Factors affecting the drying effect, such as wind velocity, temperature, humidity, and the structure of drying equipment, have been studied extensively. The uneven distribution of dry air is the most common problem in the drying cabinet. Aktas [11] designed a new drying chamber. It uses three stainless steel cylinders with a circular nested form that has the advantage of uniform air flow and prevents the spread of lightweight samples over a drying system. Olejnik [12] found that a modification of the chamber where a rotating disc had been used had a positive effect on the uniform distribution of air flows in the drying chamber. Luo [13] used air-deflectors on the drying chamber’s internal sidewalls to enhance the heat and mass transfer between the conveyor sludge and circulating airflow. Shamsuddeen [14] concluded that the front discharge in a hybrid heat pump dryer has better flow uniformity and lower power consumption in sea cucumber and oyster drying. Xu et al. [15] simulated the air distribution in the square heat pump drying cabinet and added an inlet baffle to improve the uniformity of air distribution near the material layer. Wang et al. [16] investigated a ginseng drying room. They pointed out that the inhomogeneous distributions of the air flow and temperature in the drying room are mainly influenced by the inlet airflow rate, inlet diameter, and the number of partition boards with stacked ginseng.

Natalia et al. [17] carried out the experimental and simulation study on drying uniformity in a tray dryer and found that low local turbulence values can negatively affect the local mass transfer coefficient. Yang et al. [18] measured and simulated the drying tower’s exhaust velocity under the unload condition to optimize its internal structure. Noh et al. [19] used Ansys Fluent to simulate and analyze the effect of product arrangement and different operating conditions on the airflow distribution inside the drying chamber of the newly developed solar dryer.
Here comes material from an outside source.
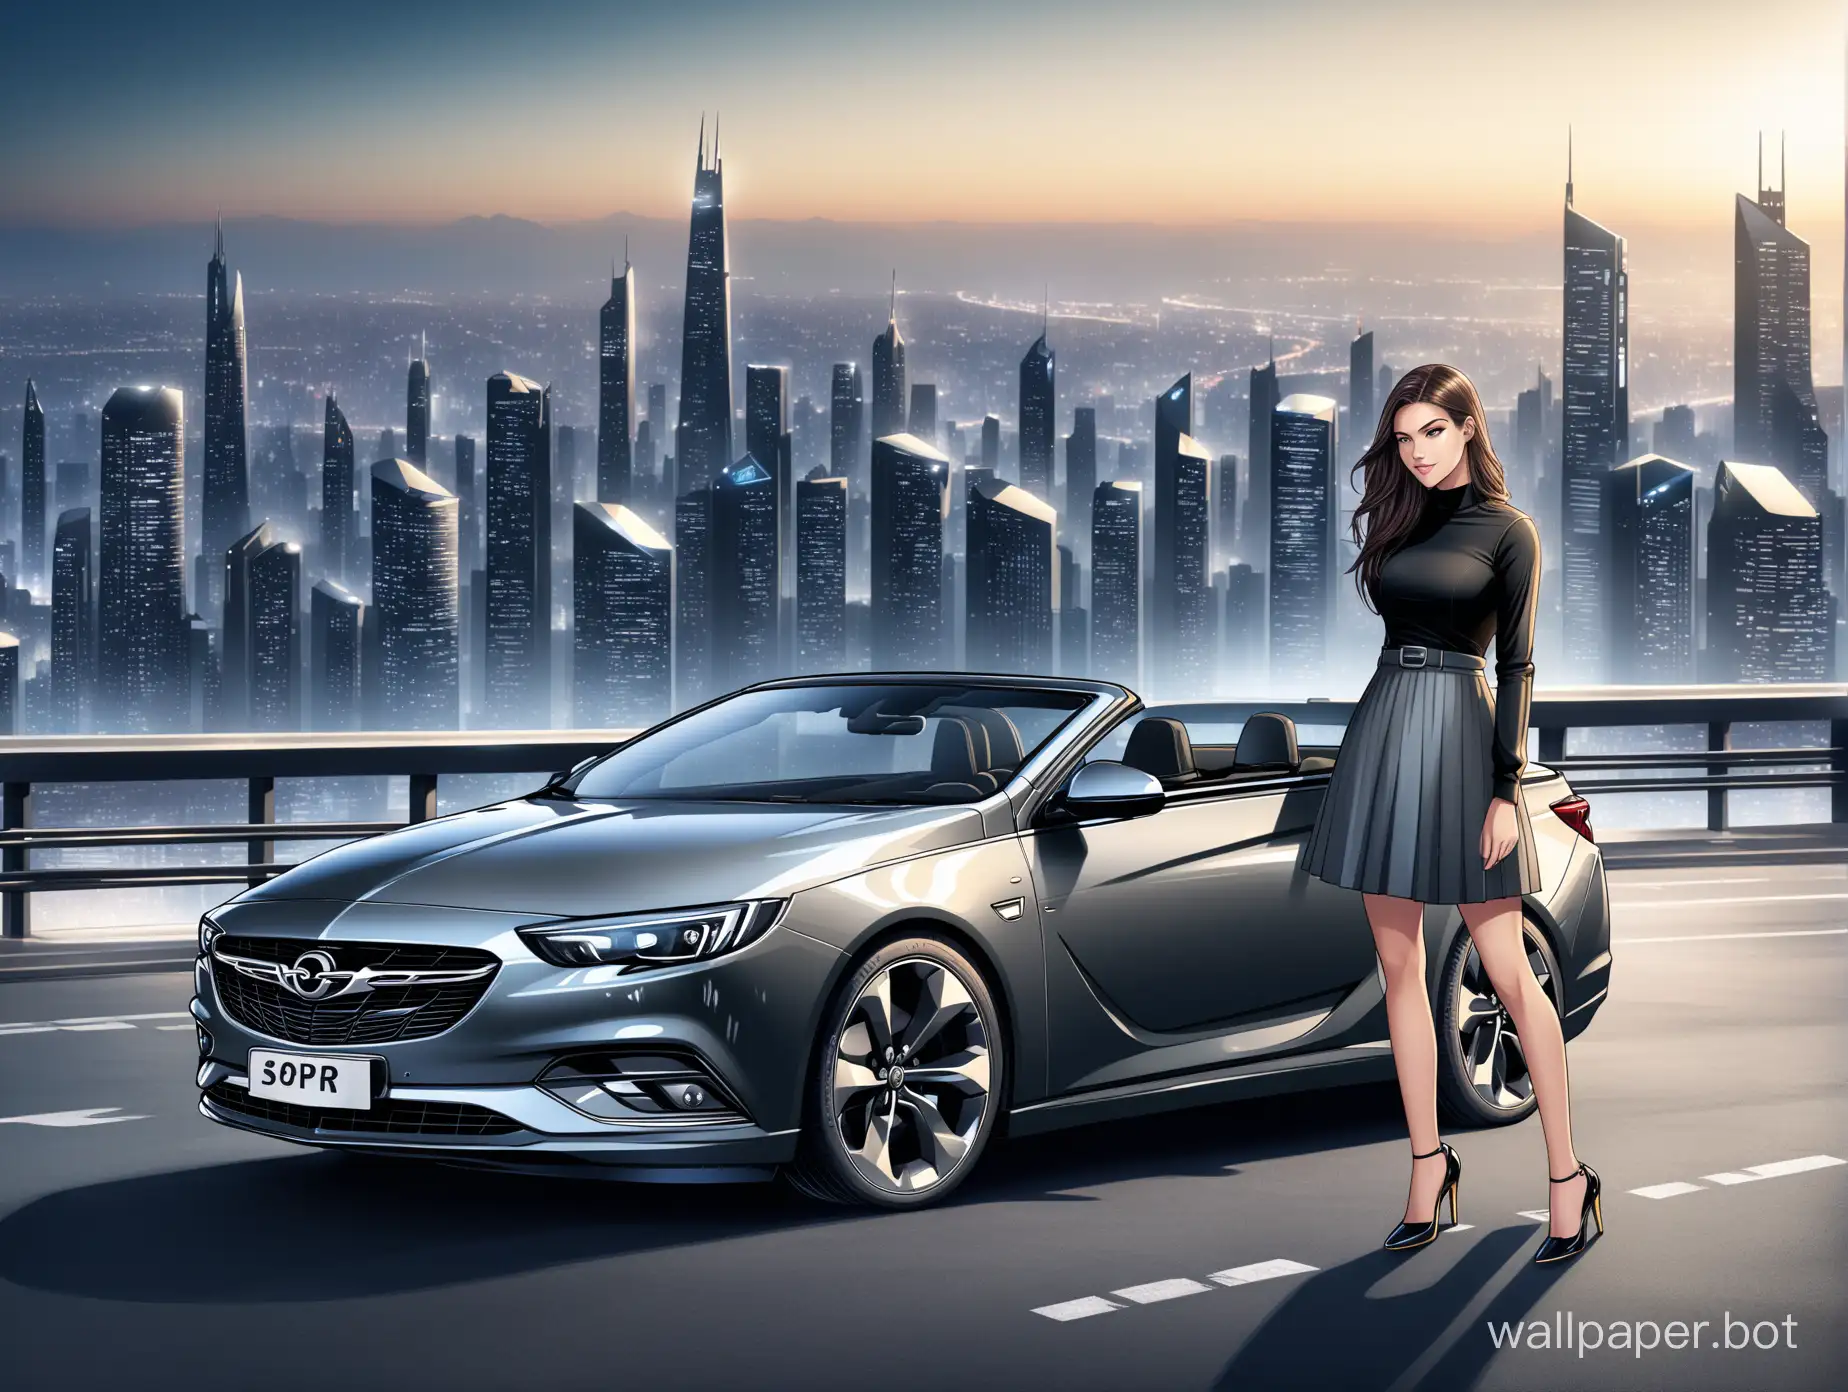 Opel insignia grand sport convertible car in dark grey color with a brunette girl in skirt, high heels standing next to it, with futuristic city background and a batman logo

The homogeneity of the distribution of the air velocity in an industrial meat dryer is discussed by Mirade [20] with a two-dimensional computational fluid dynamics model. Zheng et al. [21] set up a microwave dryer’s square drying cabinet’s simulation model to study the internal air flow field. They found that the air flow in the cabinet is more stable, and the air vortex in the cabinet can be reduced by installing the air balance plate in the discharge port’s air inlet and outlet pipe.

Many simulations and analysis studies of the flow field [22,23,24,25,26] are aimed at the drying cabinet but less at the closed drying system, including the drying cabinet and the closed-loop air cycle paths. In the closed heat pump drying system with waste heat recovery (Figure 1), the dry air circulates inside the completely closed channels. The drying medium may be air or other gas. The system operates without fresh air intake from the environment and without discharging waste gas into the environment. In the cycles, the drying air flows to dry materials, be reheated and dehumidified, recovers the waste heat to improve drying efficiency and reduce energy consumption [27]. Air flows along different paths to be distributed and mixed during circulation to obtain the required dry temperature and humidity. An air valve is commonly used to regulate air volume flow. But it has the disadvantages of leakage at fully closed valve position and low-temperature control precision due to the opening’s line regulation failure. Therefore, it is vital to study novel air flow regulation in heat pump drying to optimize the drying process of materials, improve the drying quality, and reduce the system energy consumption. The focus of the current work is that the active flow distribution driven by a fan is introduced in a closed heat pump drying system, and its influence on the velocity distribution of closed-loop circulation air in the system is studied through numerical simulation and experimental methods. This provides a reference for the design and structure optimization of the closed heat pump drying cabinet.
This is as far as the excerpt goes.